● EXERCISE
Give back every line of the material below exactly, but no images.

● INPUT DATA
........
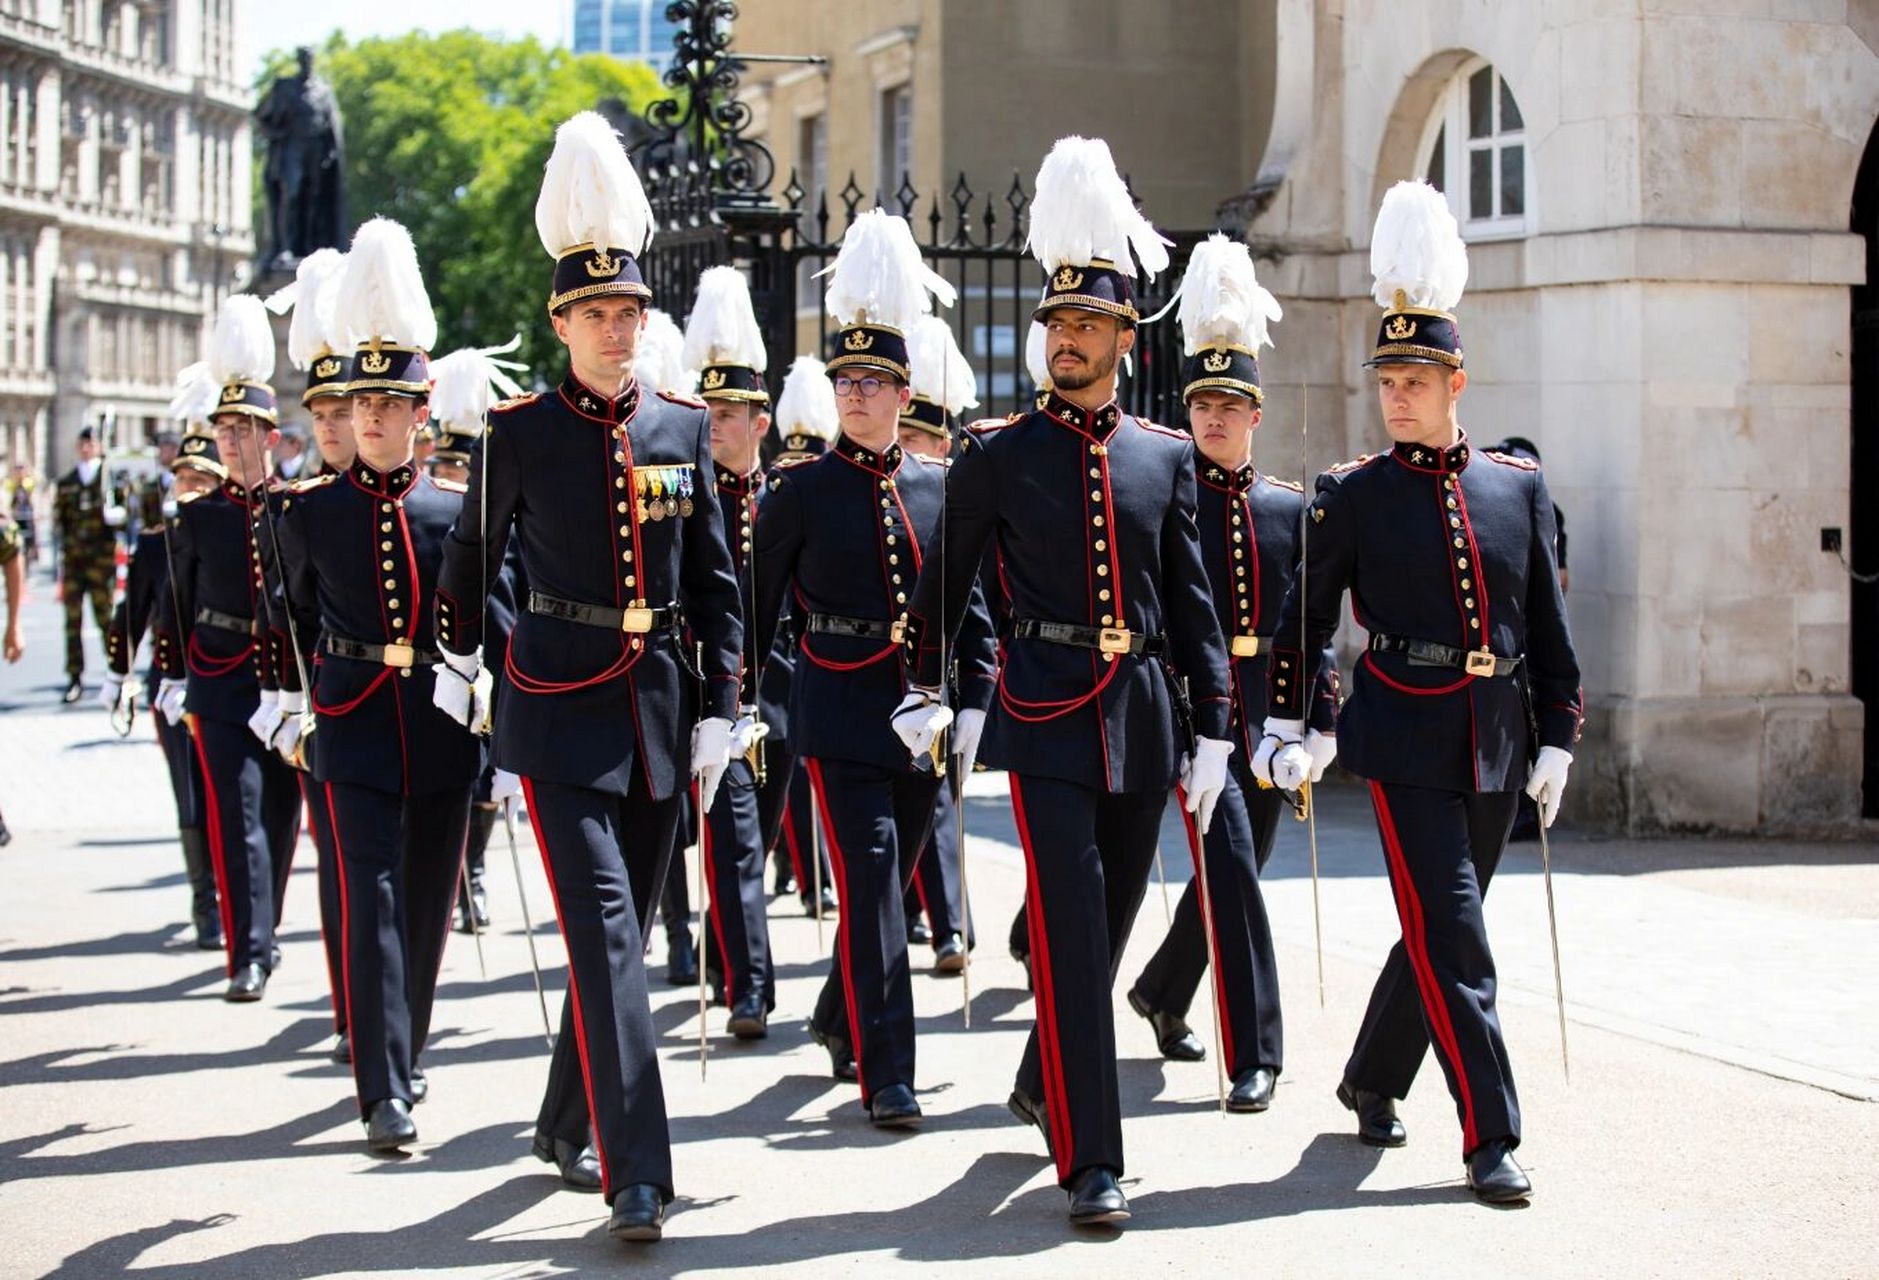 比利时公主的军装照 7月21日比利时国庆节,身着军礼服的比利时公主
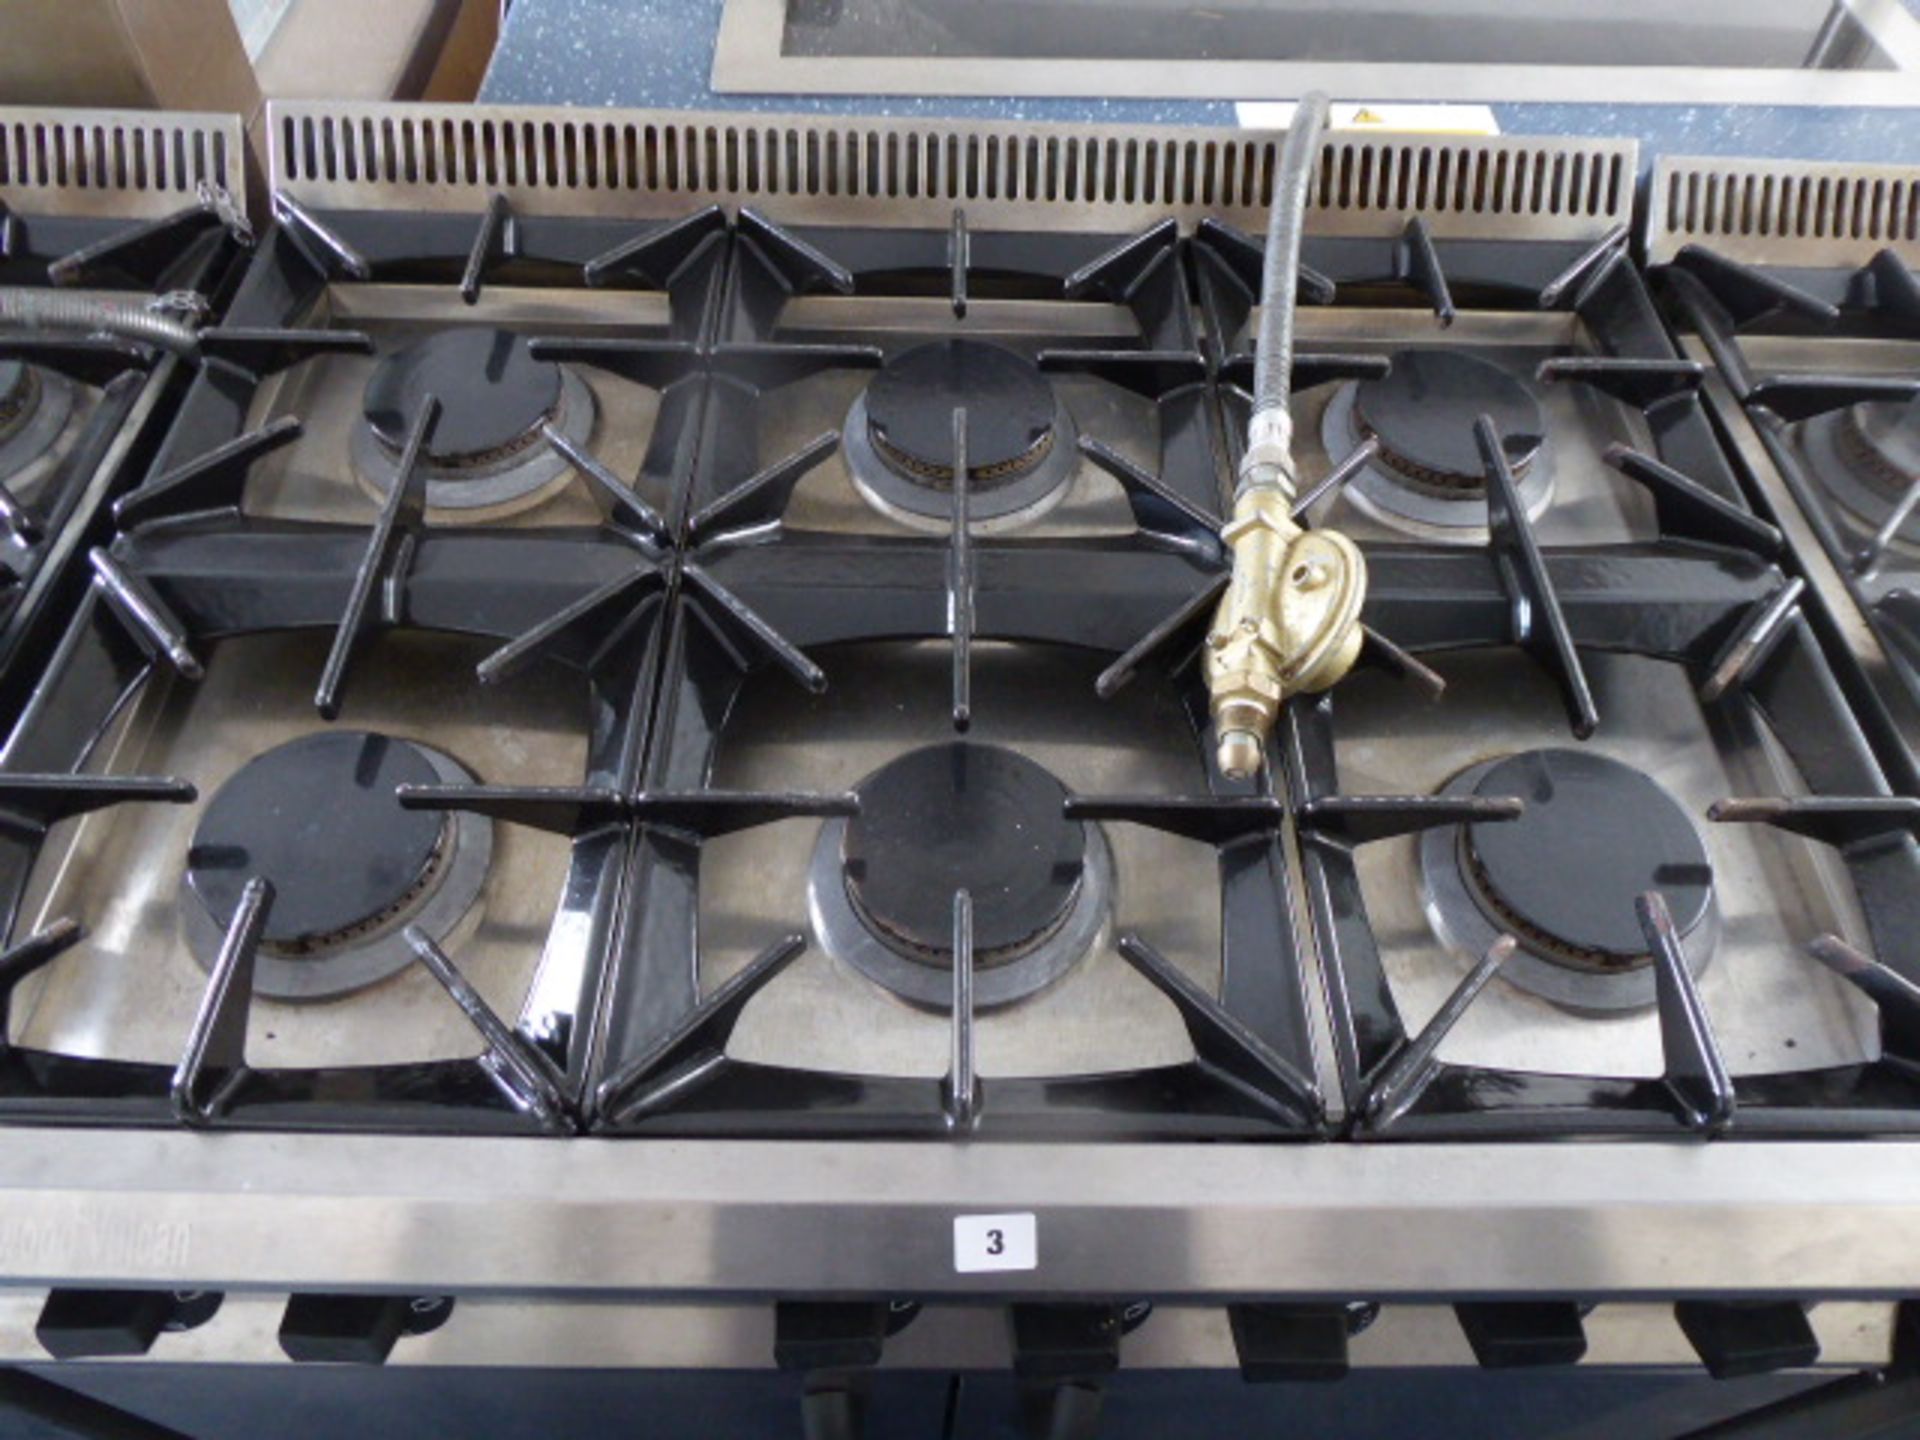 90cm LPG Moorwood Vulcan 6 burner cooker with double door oven under on castors - Image 2 of 3
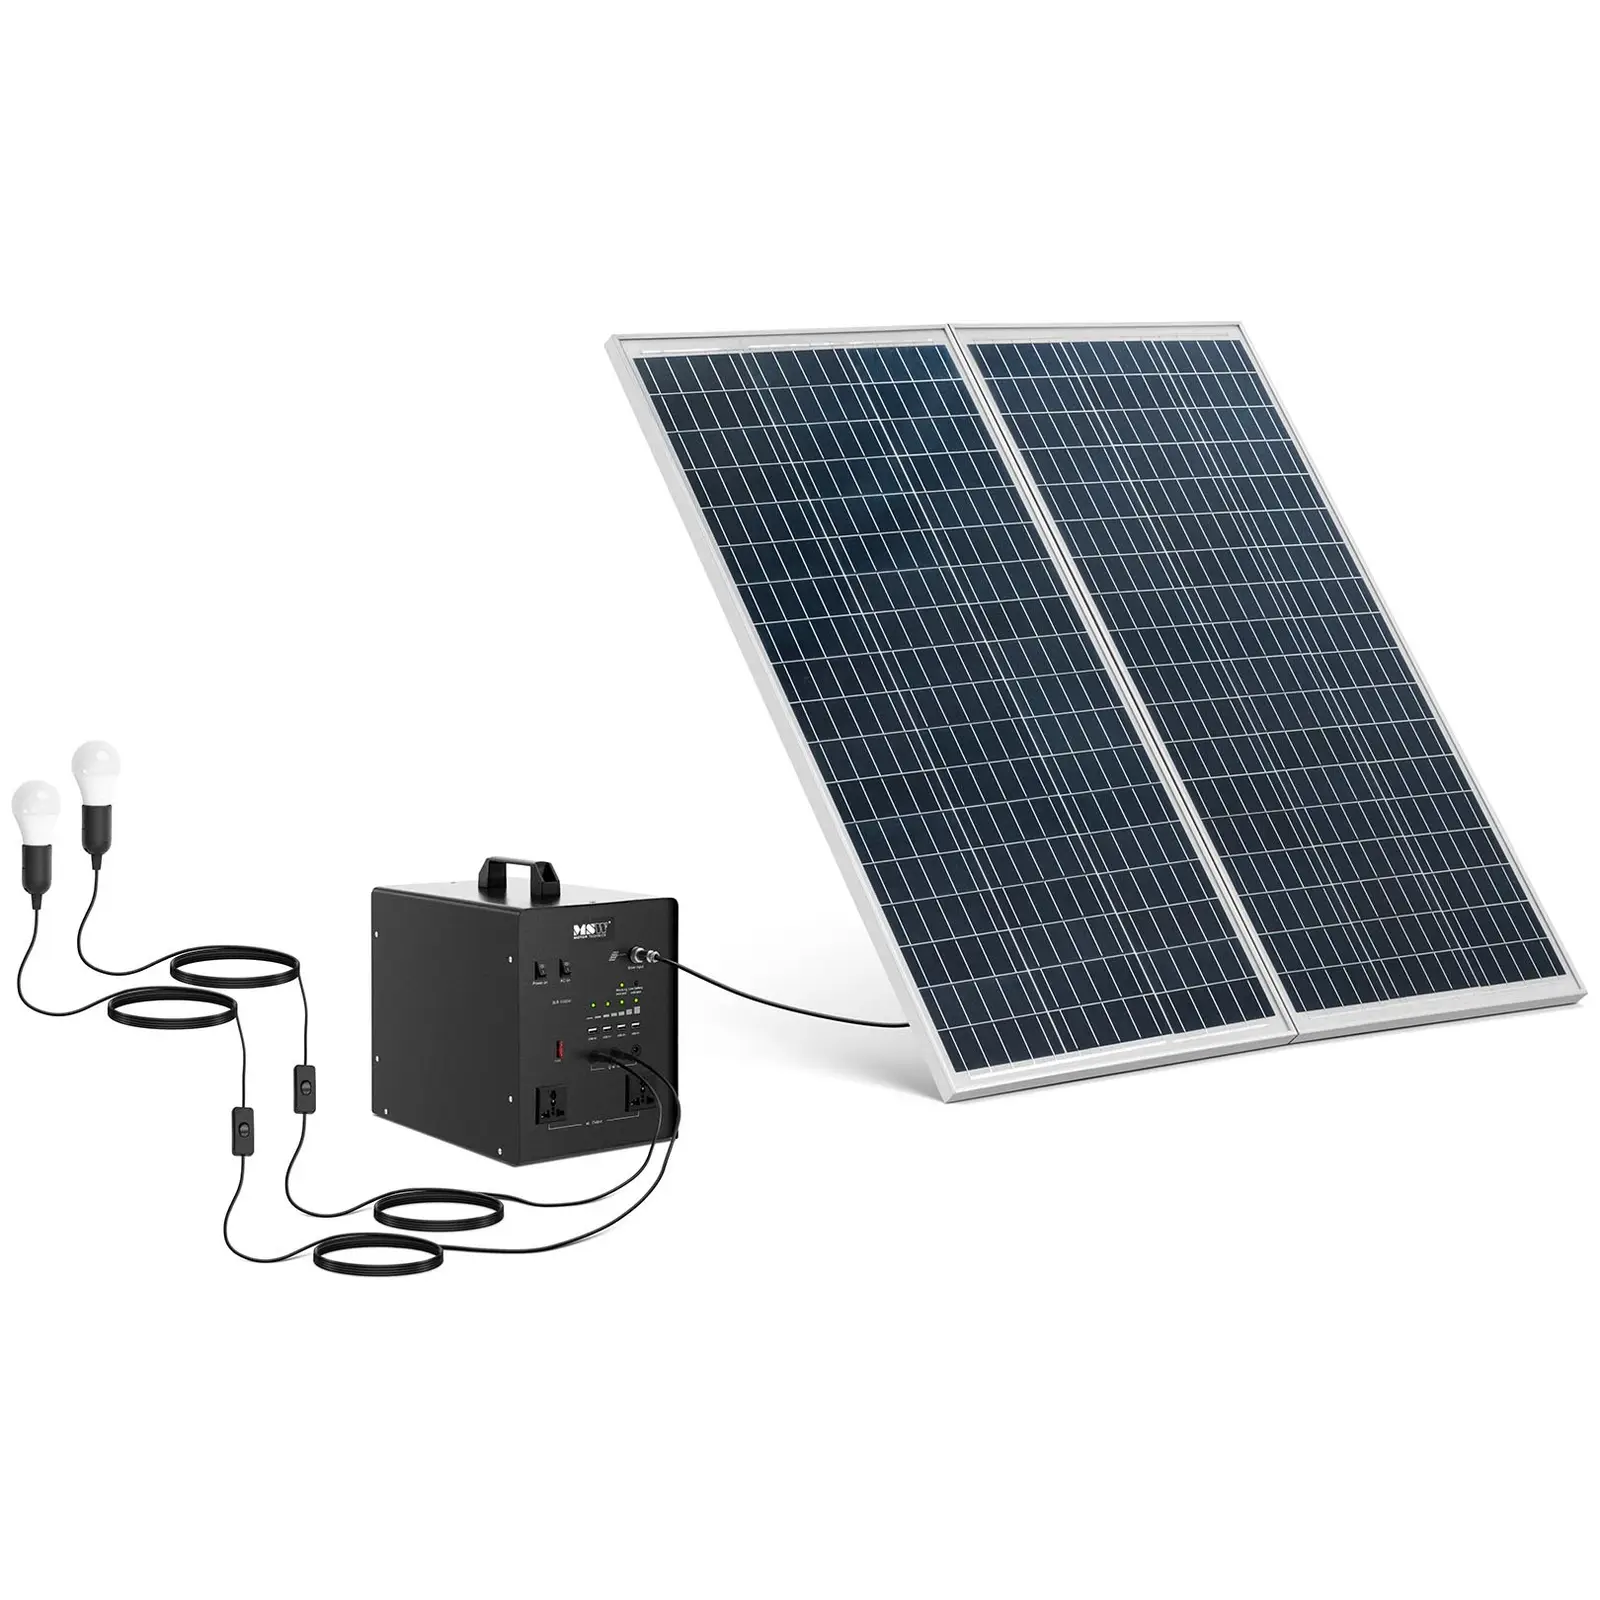 Powerstation mit Solarpanel und Wechselrichter - 1000 W - 5 / 12 /230 V - 2 LED-Leuchten
........
● SOLUTION FOR THIS PROBLEM
 比利时公主的军装照 7月21日比利时国庆节,身着军礼服的比利时公主
 90cm LPG Moorwood Vulcan 6 burner cooker with double door oven under on castors - Image 2 of 3
 Powerstation mit Solarpanel und Wechselrichter - 1000 W - 5 / 12 /230 V - 2 LED-Leuchten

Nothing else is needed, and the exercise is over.